Borobudur stands with Angkor in Cambodia, Lalibela in Ethiopia and Istanbul’s Hagia Sophia, among the finest treasures of the world’s religions. With the growth of

mass travel these and other temples and churches have become more than places of pilgrimage for the faithful. Tourists come to these places as well as believers

– often in great numbers. 

The appeal is obvious. Borobudur, lost for centuries to the jungle and volcanic earth, today towers over a beautiful landscape of rice paddies and tropical forest. 

The stupa manages to retain a sense of space and peace even when thronged with the visitors who come here at holiday time. It’s considered an essential stop for

anyone who visits Java, whether jaunting from nearby Yogyakarta or moving slowly through the island heading for Bali and paradise islands beyond. It remains - far

more so than many holy places around the region and the world - a place of pilgrimage and prayer. 
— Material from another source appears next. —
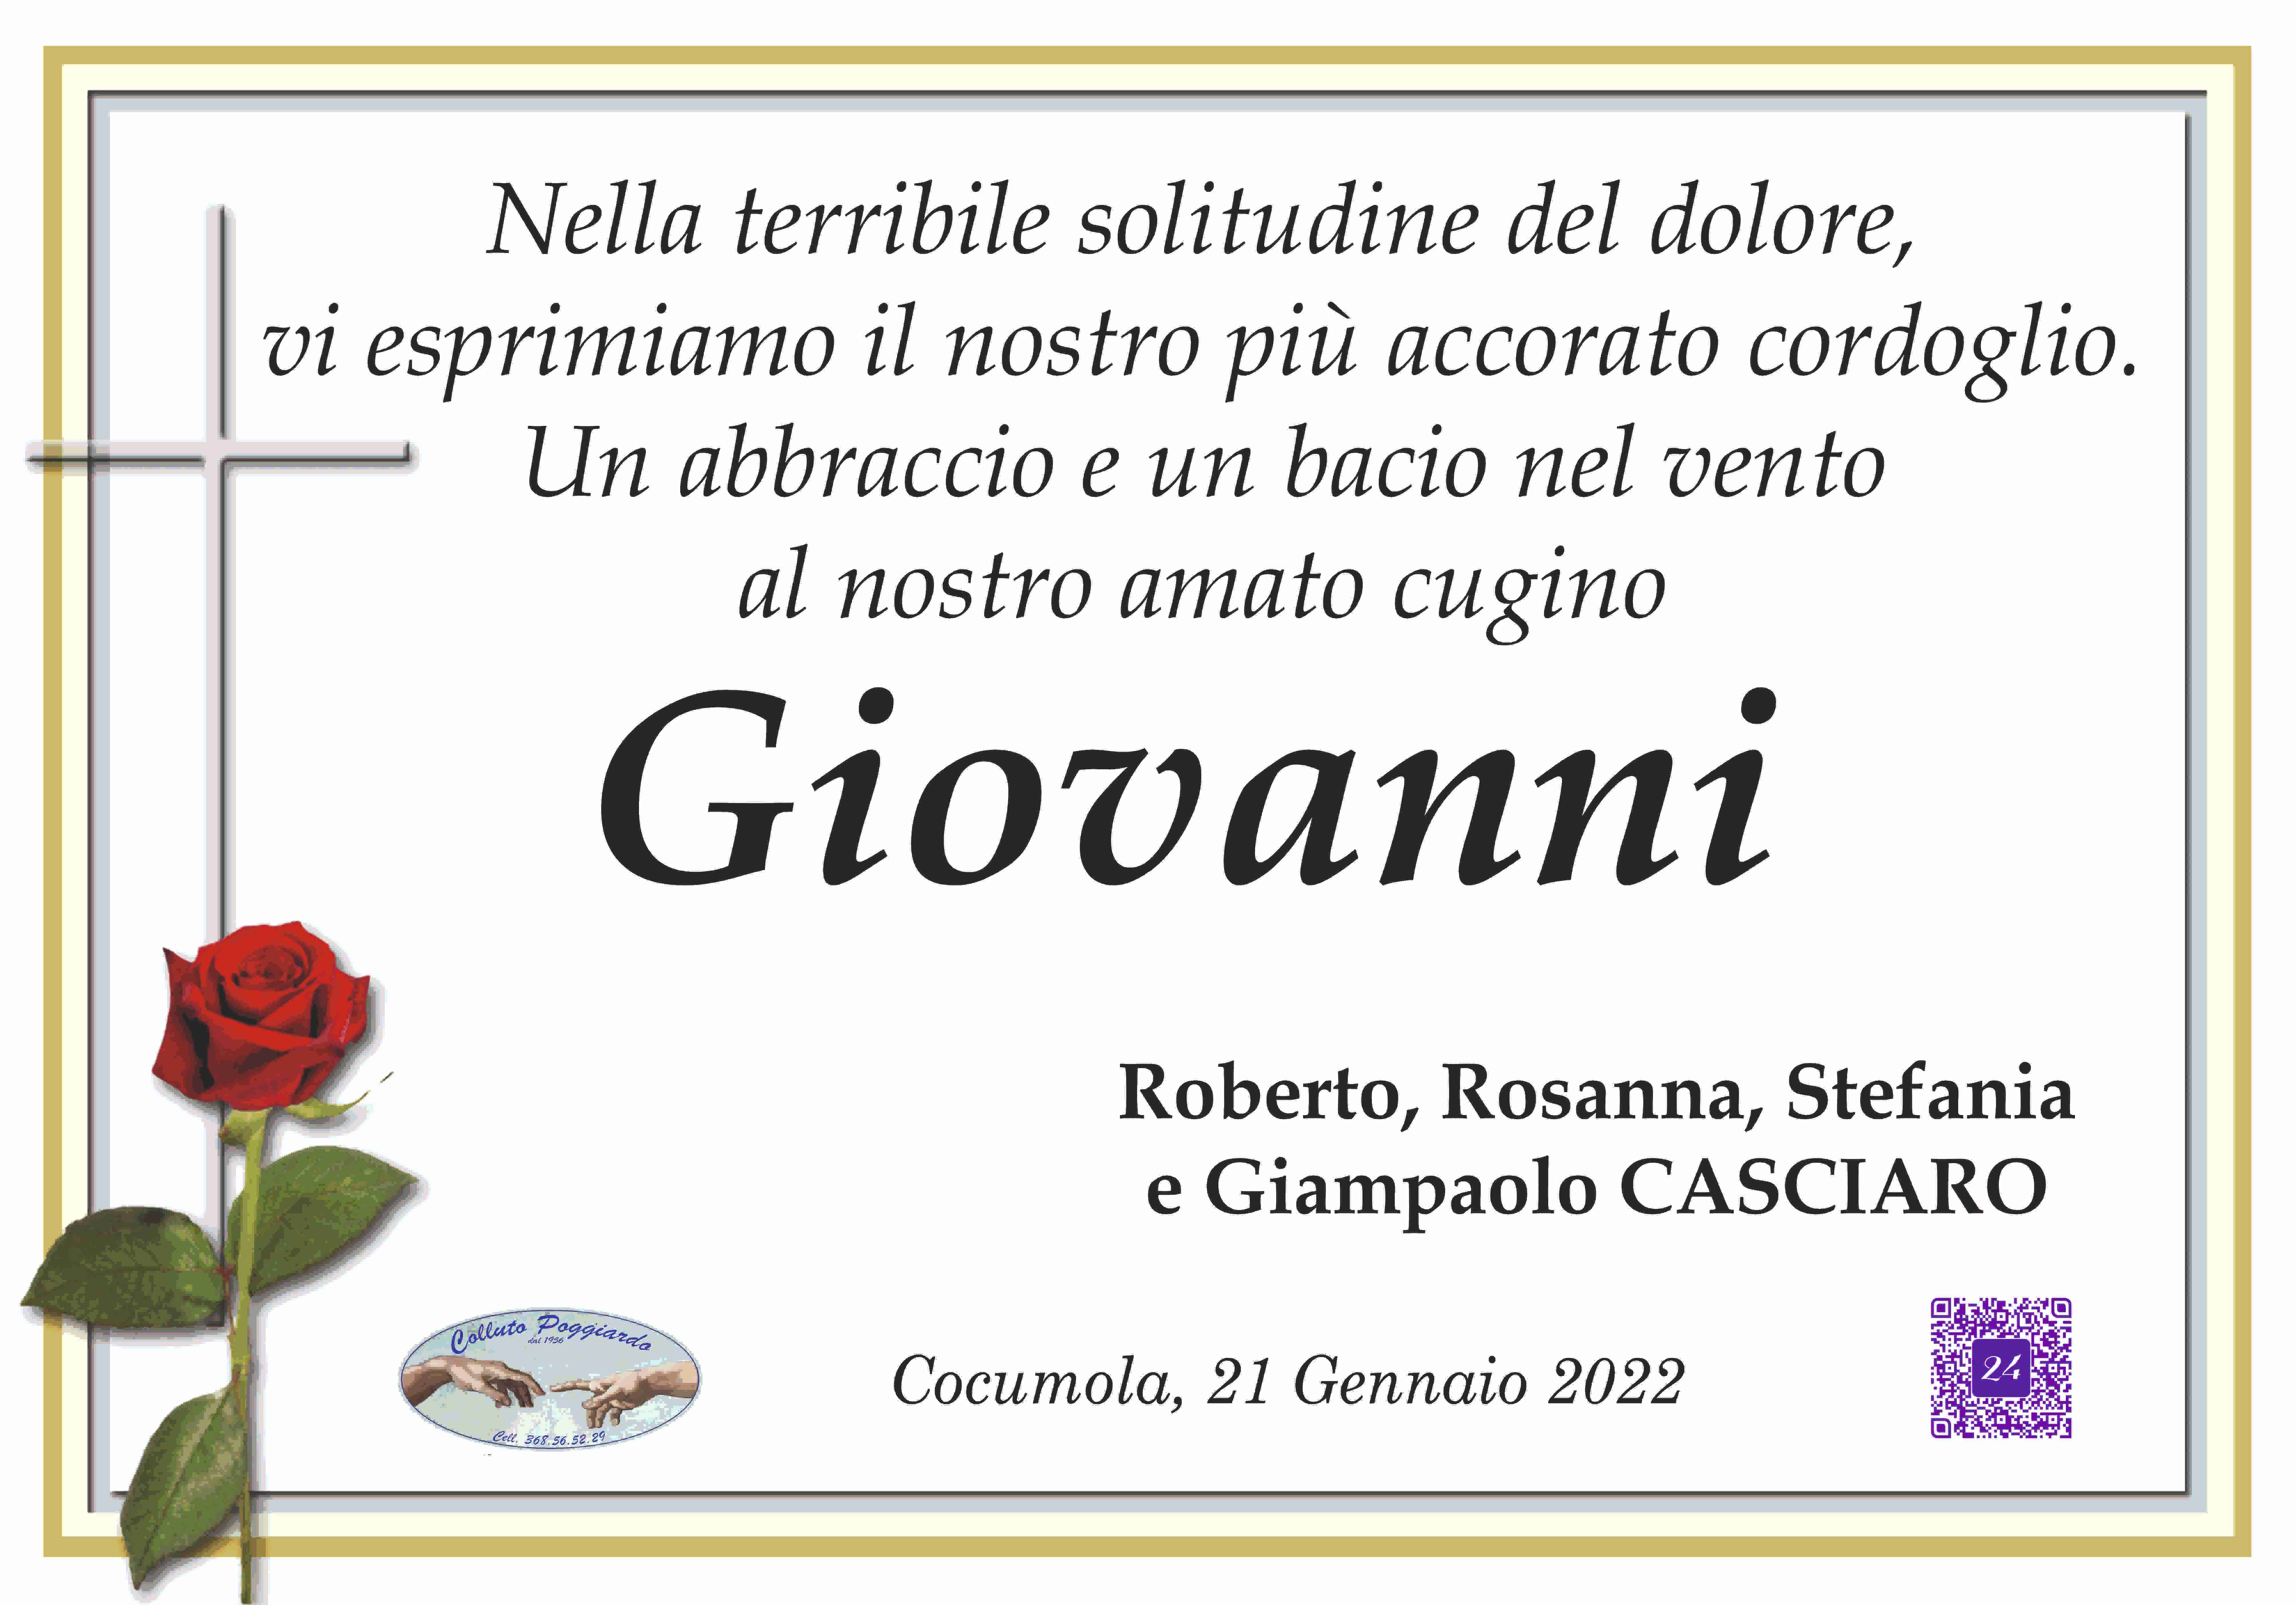 Giovanni Casciaro

Reactions from visitors are inevitably mixed. Indonesia attracts a wide spectrum of visitors from around the world, from Korean package tour groups to Australian

surfers.

Borobudur for some is, inevitably, another box to tick on the way to the beaches of Bali and beyond. For others, it’s the start – or continuation – of discovering what

inspires the sacred places of the world.

Mass tourism brings mixed blessings to places like Borobudur. World fame and interest can spotlight conservation issues, but tens of thousands of tourists

descending on the monument can bring its own challenges.

But for those who can visit, sites like Borobudur become more than former homes of long-dislocated fragments. They become real places with a place in modern

society, and visitors hopefully gain a connection to and curiosity for the past, and an understanding of the value of preserving special places for future generations.